* Exercise description: With the pictures omitted, repeat exactly the lines below starting with the line that has "H-212-MBL06 Distressed Baseball" and going on through the line that has "busy traffic on".

* Records for the task:
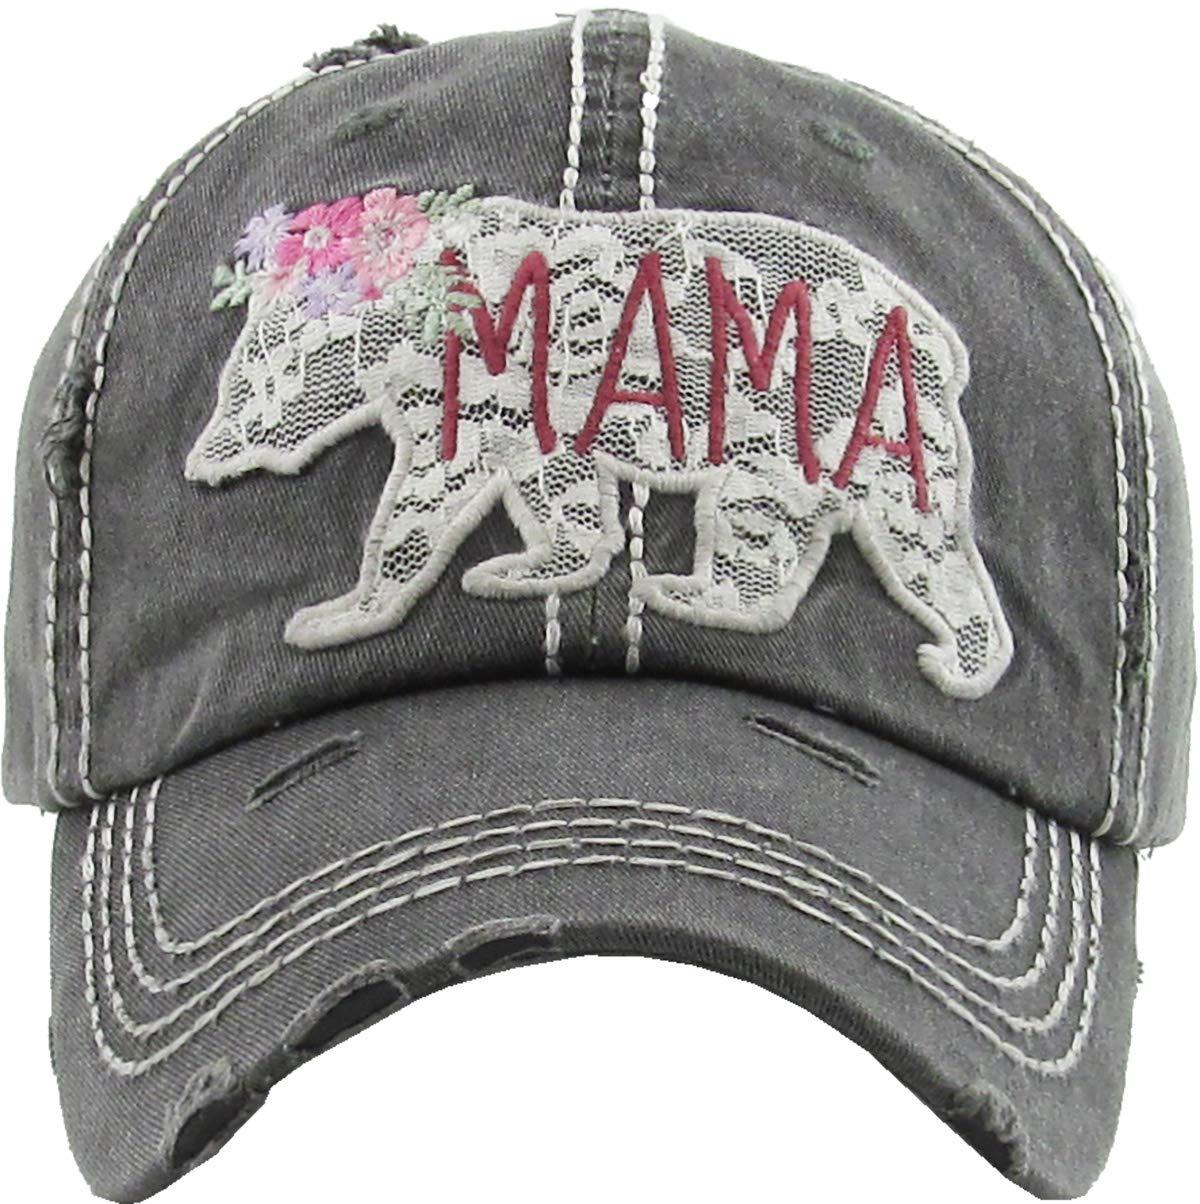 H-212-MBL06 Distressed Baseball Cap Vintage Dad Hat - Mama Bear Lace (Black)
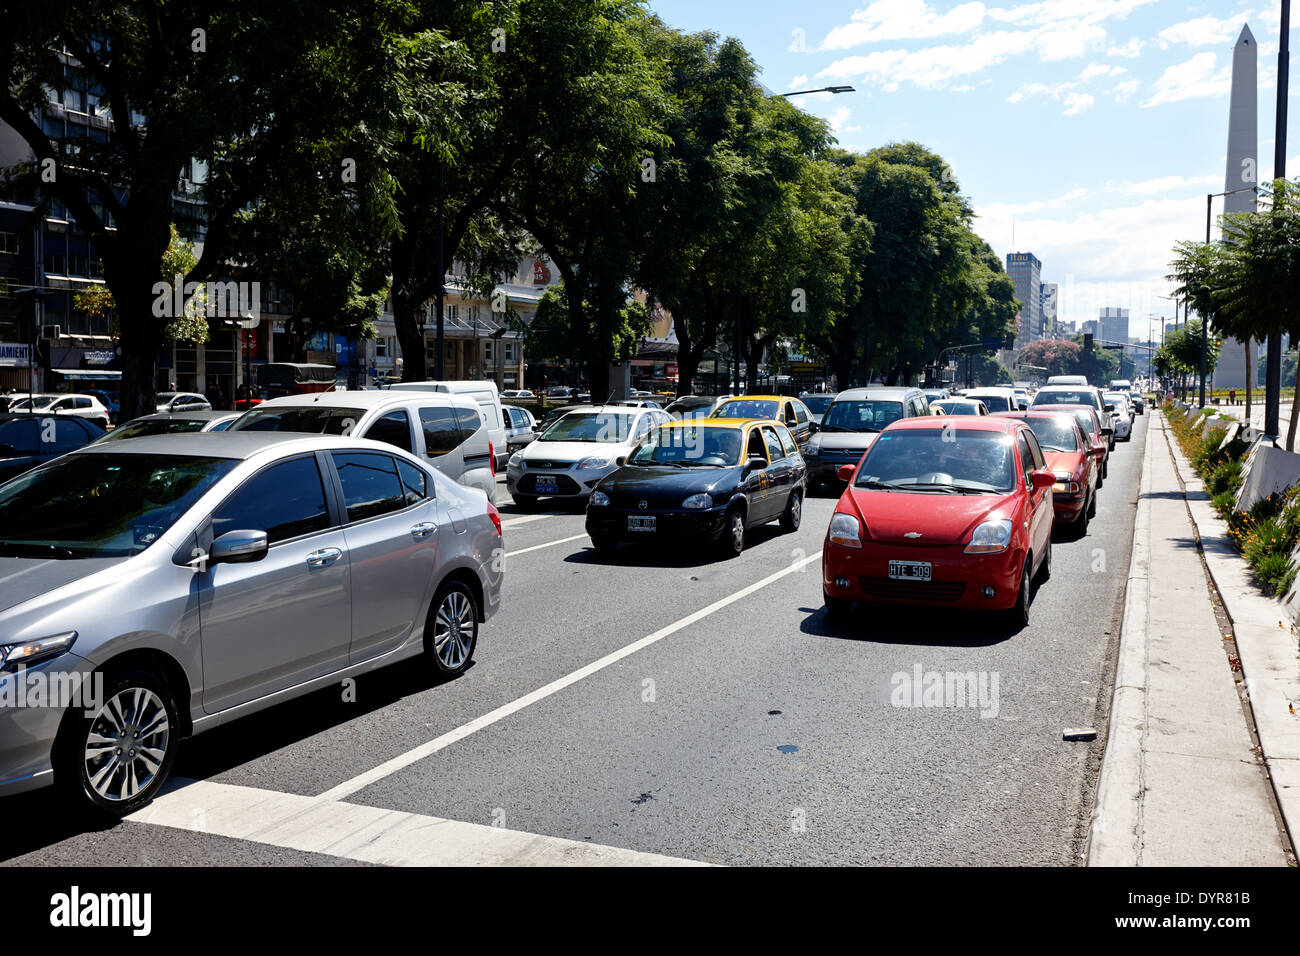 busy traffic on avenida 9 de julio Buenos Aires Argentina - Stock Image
--
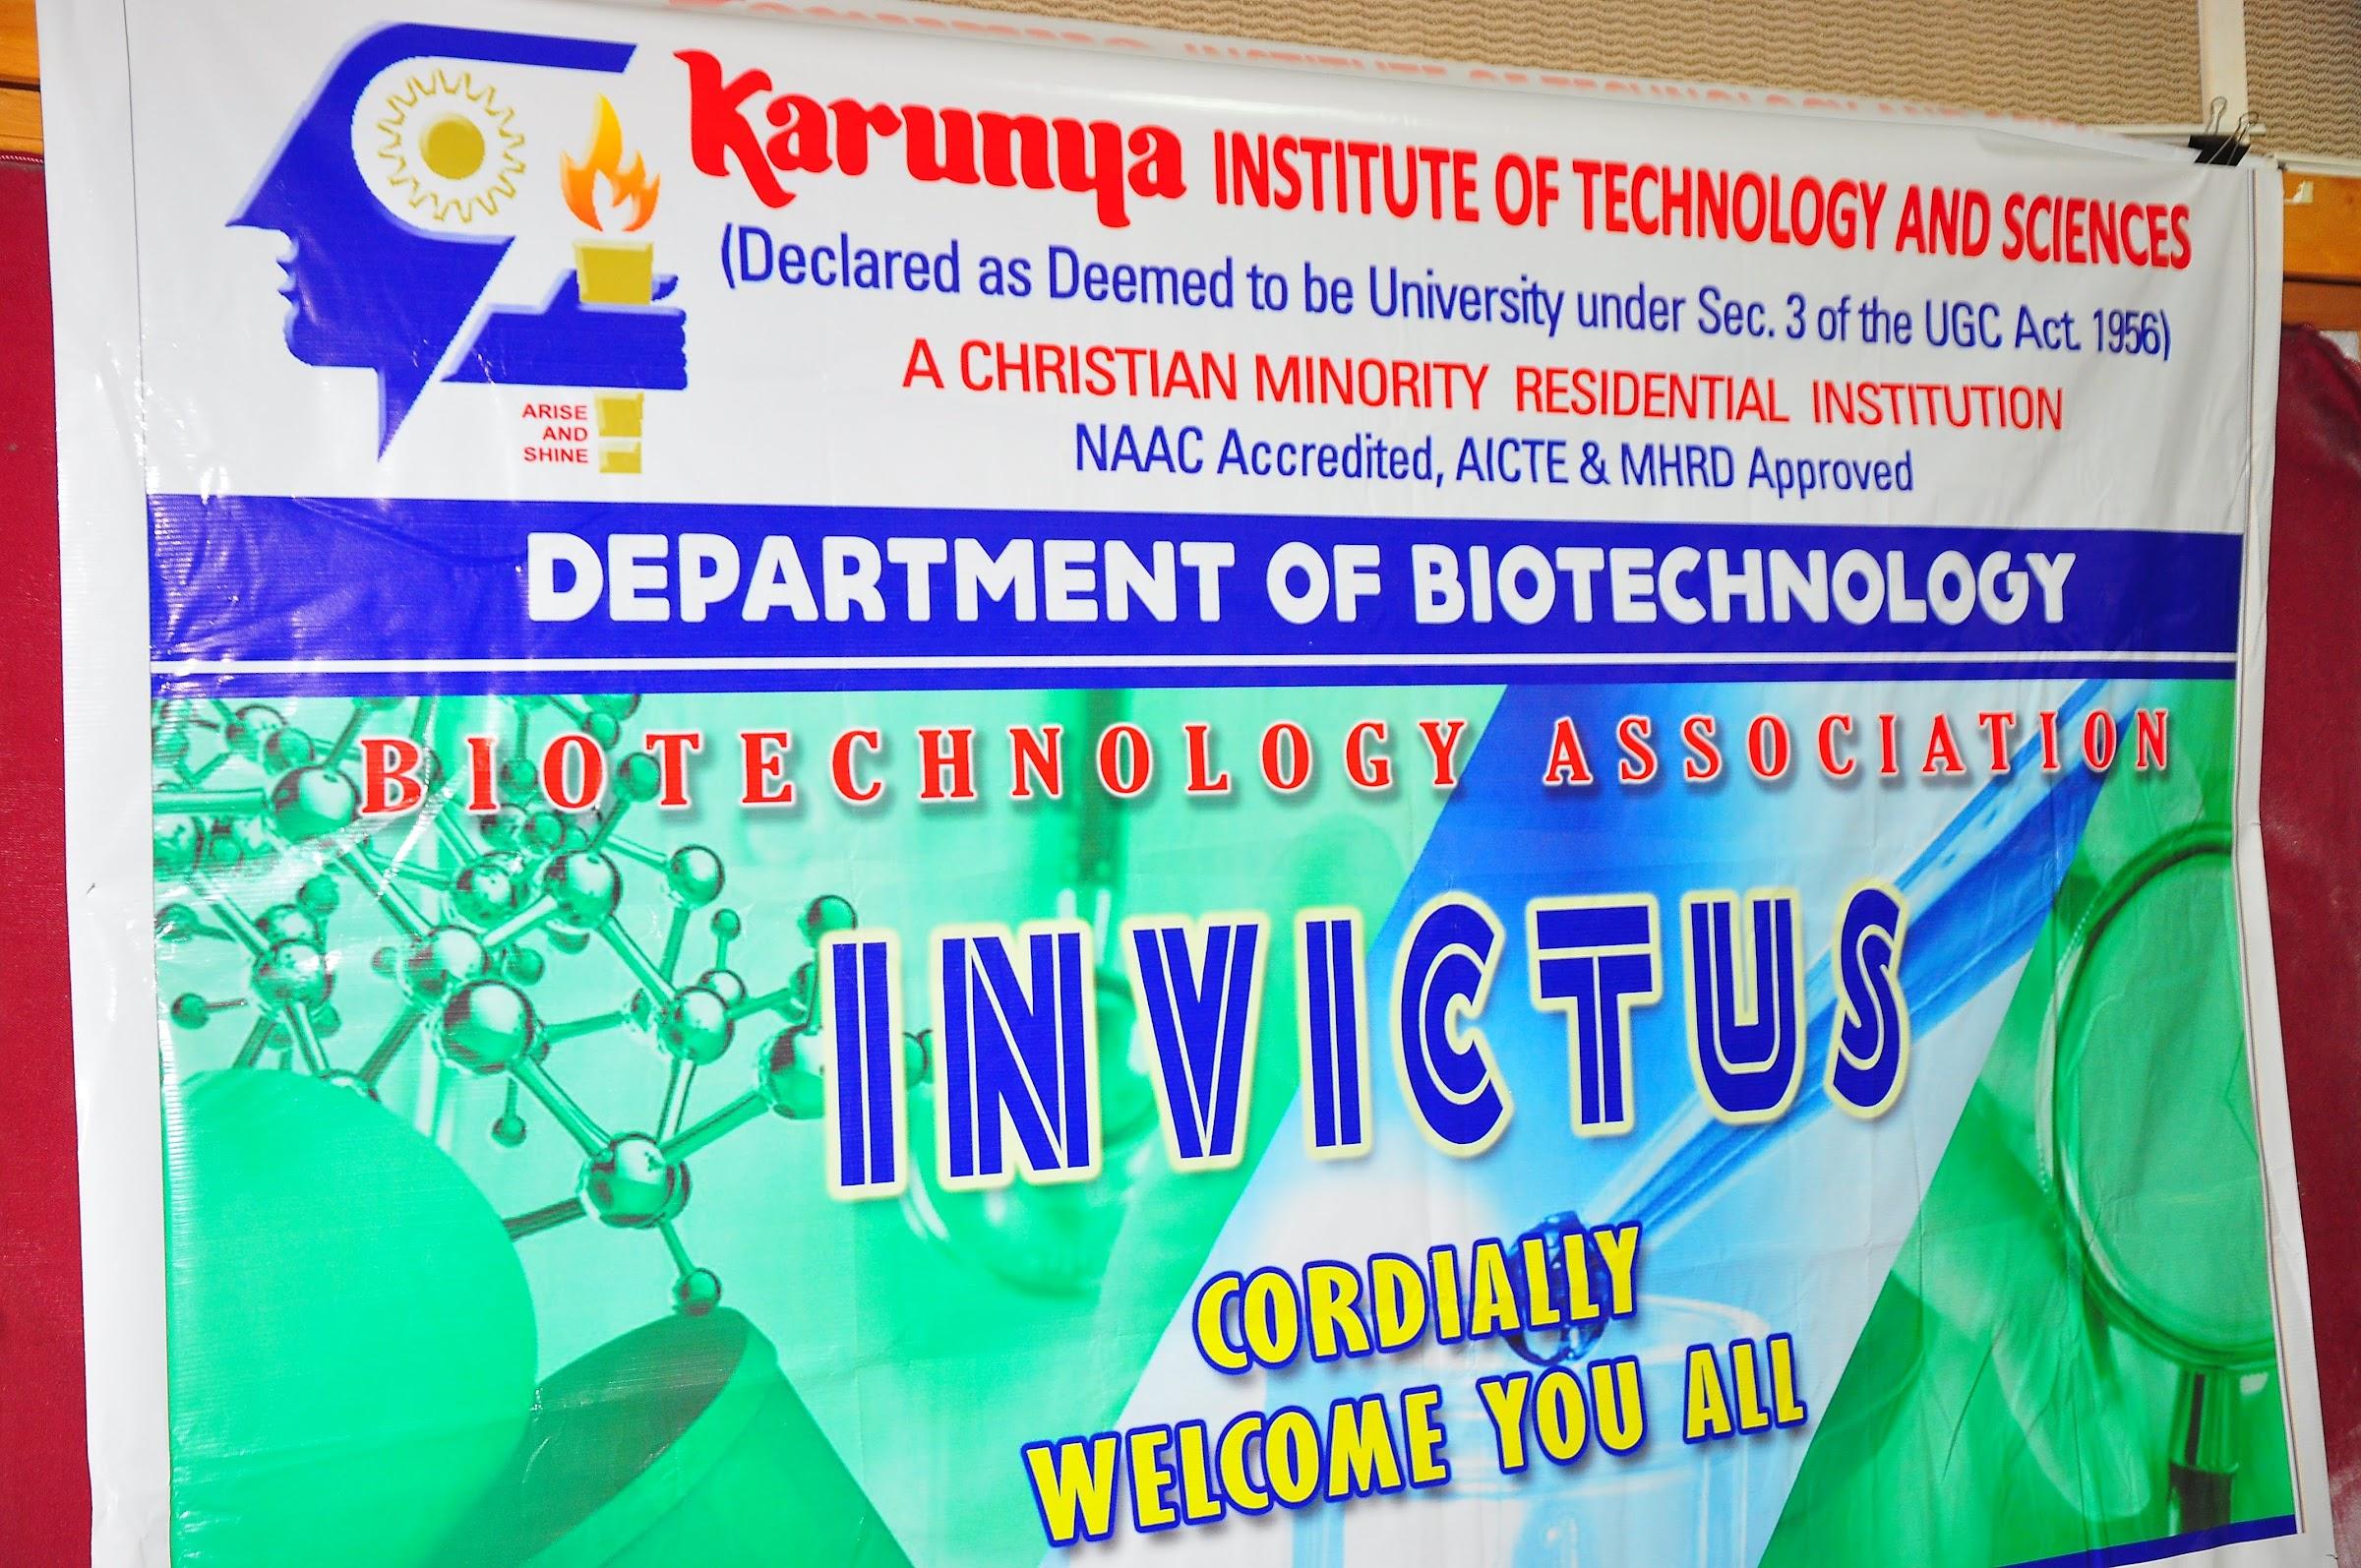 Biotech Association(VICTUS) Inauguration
---
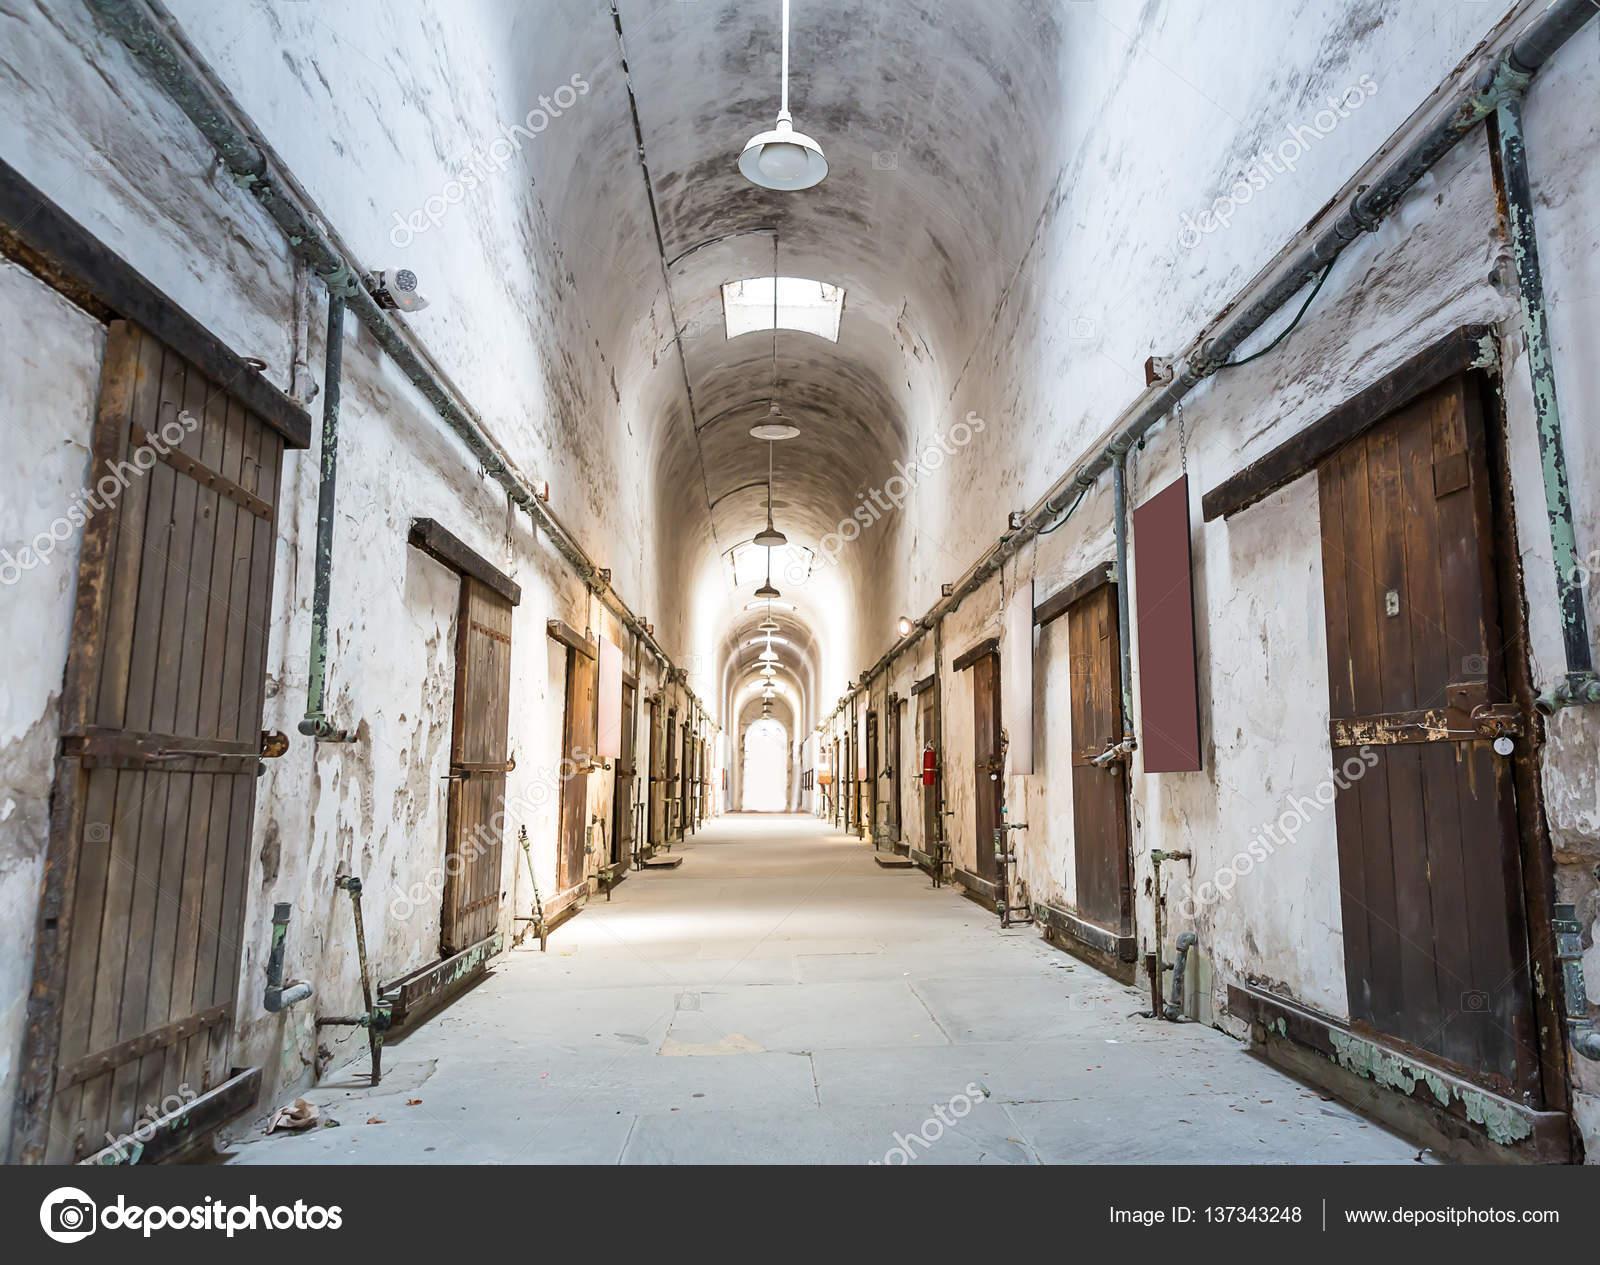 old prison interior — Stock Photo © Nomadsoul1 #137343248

* Task output:
 H-212-MBL06 Distressed Baseball Cap Vintage Dad Hat - Mama Bear Lace (Black)
 busy traffic on avenida 9 de julio Buenos Aires Argentina - Stock Image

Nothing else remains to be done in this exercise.